Loews Kings Theater, Brooklyn, NY

Photo credit: Matt Lambros

One of five “wonder theaters” built by Loews, the Kings (68,000-square-foot), opened in 1929, with a screening of Evangeline and a special appearance by its star, Dolores del Rio. It showcased vaudeville acts and a pipe organ before showing movies exclusively. The theater is being renovated and will, after the renovations, be the biggest indoor theater in Brooklyn, presenting a planned 250 concerts, theatrical performances, and community events each year.

Permanent Cameo, Los Angeles, CA

Photo credit: IaasB

The oldest surviving movie theater on Broadway, Cameo Theatre opened in 1910 as Clune’s Broadway Theatre, one of the first purpose-built “picture playhouses.” It was the longest continually operating movie theater in California, and possibly the US. In December 1991, Cameo closed down.

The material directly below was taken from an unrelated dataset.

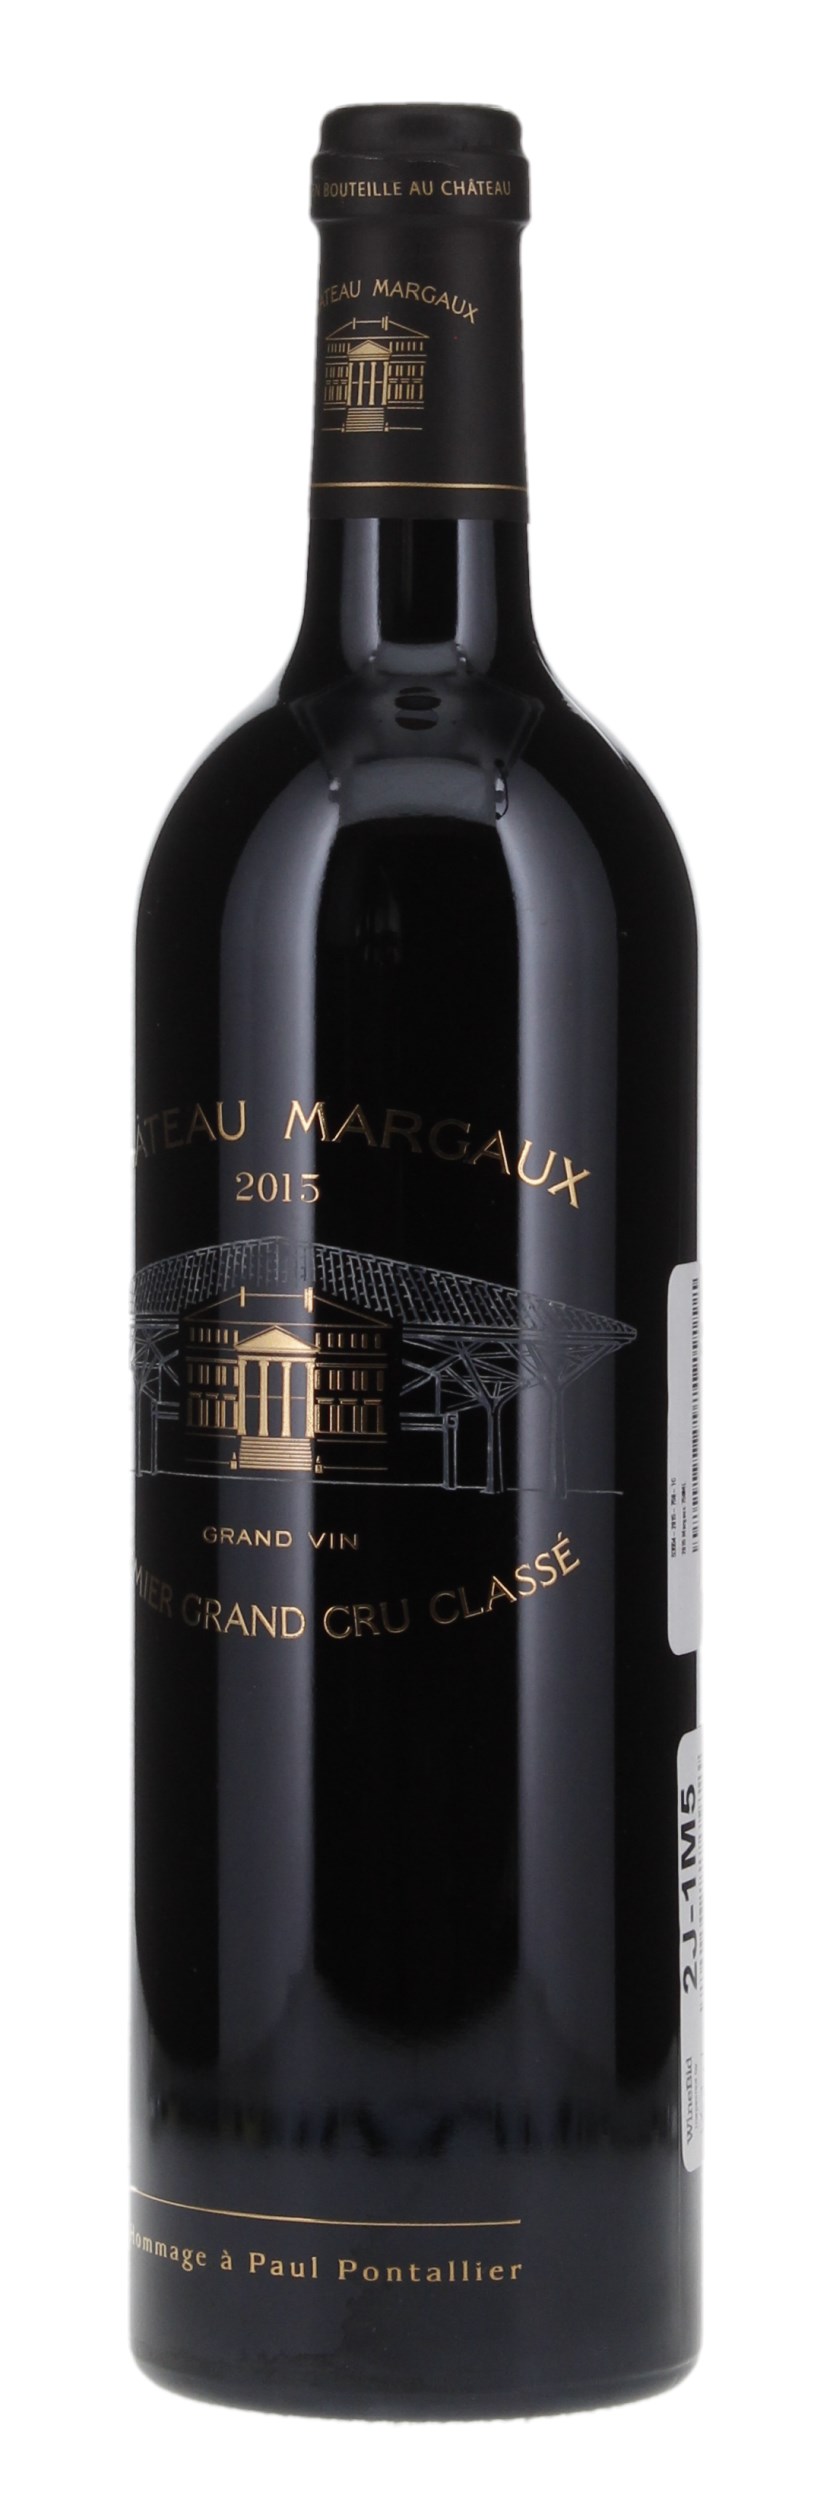 2015 Château Margaux, 750ml

The Palace Theater, Marfa, TX

Though Marfa has provided the scenic desert backdrop for many notable films, including Giant and No Country for Old Men, the town only has two movie theaters, neither of which is functional. The Palace is one of them. It now serves as a residence.

Duke Theater, Oak Park, MI

Opened in 1941, the Duke Theater was designed by Charles Agree and named after Duke Ellington. It closed in 1947. It has since been a bowling alley, a roller skating rink, and a Heating/Cooling repair shop before that too closed. Charles Agree was one of the Detroit architects of the 1920s and 30s whose commissions often incorporated the work of architectural sculptor Corrado Parducci.

Liberty Theater, Vendalia, IL

Opened around 1910 in Vendalia, the former state capitol of Illinois, this single-screen movie house was first known as the Dixie Theater. It was remodeled in the 1930s in the Art Deco style and renamed the Liberty Theater. Until it was shut down in 2008, it featured first-run films and occasional live acts.

Ramova Theater, Chicago, IL

Charlie Chaplin held the Chicago premiere of The Great Dictator at the Ramova Theater on Chicago’s south side. Completed in 1929, it resembled a Spanish courtyard with a ceiling of glittering stars. During the 1950s, as the Bridgeport neighborhood transformed from an Irish to a Hispanic community, the cinema declined. In the 1980s, the Ramova closed and has been abandoned ever since.

Mexico Theatre, San Jose, CA

Photo credit: Sueism1

Since its 1949 opening, this theater has been called the Mayfair, Esquire, and Mexico, with successive change of hands. Its distinctive exterior with a cylindrical tower in a streamline Moderne style with neon rings and backlit glass block makes it one of our favorite beautiful, bygone theaters.

The Regent Theater, Los Angeles, CA

Photo credit: IaasB

Bucyrus Theater, Bucyrus, Ohio

Uptown Theatre, Chicago, IL

The ornate theater, the second largest in the United States, has been abandoned and boarded up since 1980.

The Patio Theater, Chicago, IL

The Patio Theater opened in 1927 in the Portage Park neighborhood of Chicago. It seats 1,500, and was designed in the “atmospheric” style with twinkling stars and moving clouds on the auditorium ceiling to simulate a night sky.